During the campaign, new Finance and Public Service Minister Katy Gallagher said Labor would focus on rebuilding capability, reducing reliance on consultancies and labour hire, and negotiating with staff representatives on pay and conditions in good faith.
The staffing cap will go, as will the wages tied to the private sector.
That could be a recipe for a blowout in agency costs in an environment of mega-deficits if Labor moves too quickly.
ANU Professor John Wanna says the government will need to manage change carefully and target a few areas where it wants to see real progress.
Given the public service looks like it will grow, particularly if an integrity commission is to be legislated, Professor Wanna says the government will have to find ways of managing that increase.
That could be through budget measures, staffing priorities, such as hiring online workers rather than administrators, or wringing greater efficiencies out of the APS, a notoriously difficult thing to do.
He says getting rid of consultants is easy to do as contracts lapse, but Labor-inclined firms are already touting for business, so that, combined with a lack of in-house skills, may impede change there.
“If there are things in the public service that you don’t have the skills for, you’ve almost now got to go to bring consultants in to do some of that work because you don’t have the skills in house,” Professor Wanna says.
“One of the big areas is Defence.

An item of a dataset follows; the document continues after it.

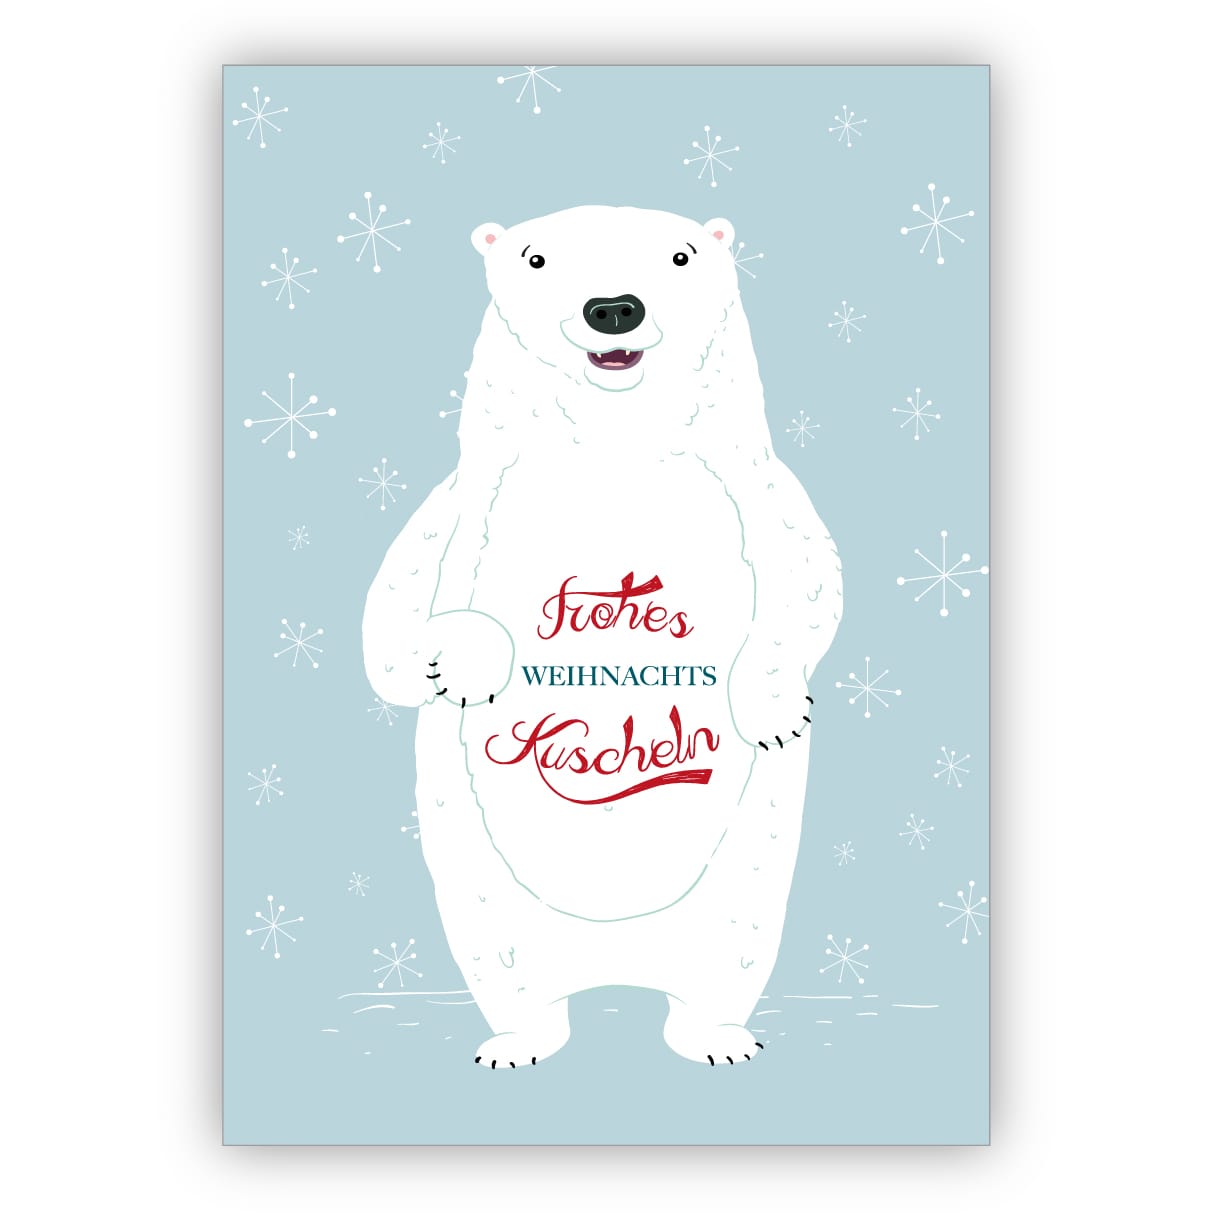 Susse Eisbaren Weihnachtskarte Mit Nettem Weihnachtsgruss Frohes Weihnachtskuscheln Kartenkaufrausch De

Defence has very few in-house skills anymore … on the administrative departmental side, they are just basically contract managers.”
He suggests the government should focus on some targeted capacity building, rebuilding technical expertise in particular areas such as the Australian Bureau of Statistics and operational areas in Defence.
It could also build on practices already operating in some agencies, such as the Australian National Audit Office, which may outsource but retain a presence in the work to ensure quality and that the agency is not deskilled.
“You could do that in education, aged care, social policy and housing,” Professor Wanna says.
“You could do a similar sort of thing where you’ve got the Commonwealth involved in the deliberations on how something’s going to be carried out and that would skill up on-the-ground capacity.”
It would also mean public servants getting out of the office and doing more fieldwork.
The pay issue is compounded by grade inflation and the huge bulge of Executive Level 1 staff who should be on a leadership trajectory but were often performing administrative work at the level of APS5.
He sees scope for rationalising the executive levels and restoring some sanity to the staff classifications, but the challenge is the intense competition for staff and the difficulty retaining them, particularly fickle millennials.
“You could pay them out and use that money to recruit at four or five levels and bring people along,” he says.
Professor Wanna also says there could be savings in the Commonwealth having more oversight in the programs it funds through joint program management, although the states will baulk at that.
“The Commonwealth could have a lot of mileage in getting better quality services in that area,” he says.
Professor Wanna agrees with Senator Gallagher’s view that the Australian Public Service Commission has been sidelined and could play a bigger leadership role, calling for a review of its functions.
He also wants Labor to reinvigorate the joint parliamentary committee on public administration, which is largely ineffective.
“That committee could be much more active investigating the performance in the public sector,” Professor Wanna says.
“You would get a lot of the Teals and Greens on side to strengthen the mandate of the parliamentary committee to explore public sector performance.”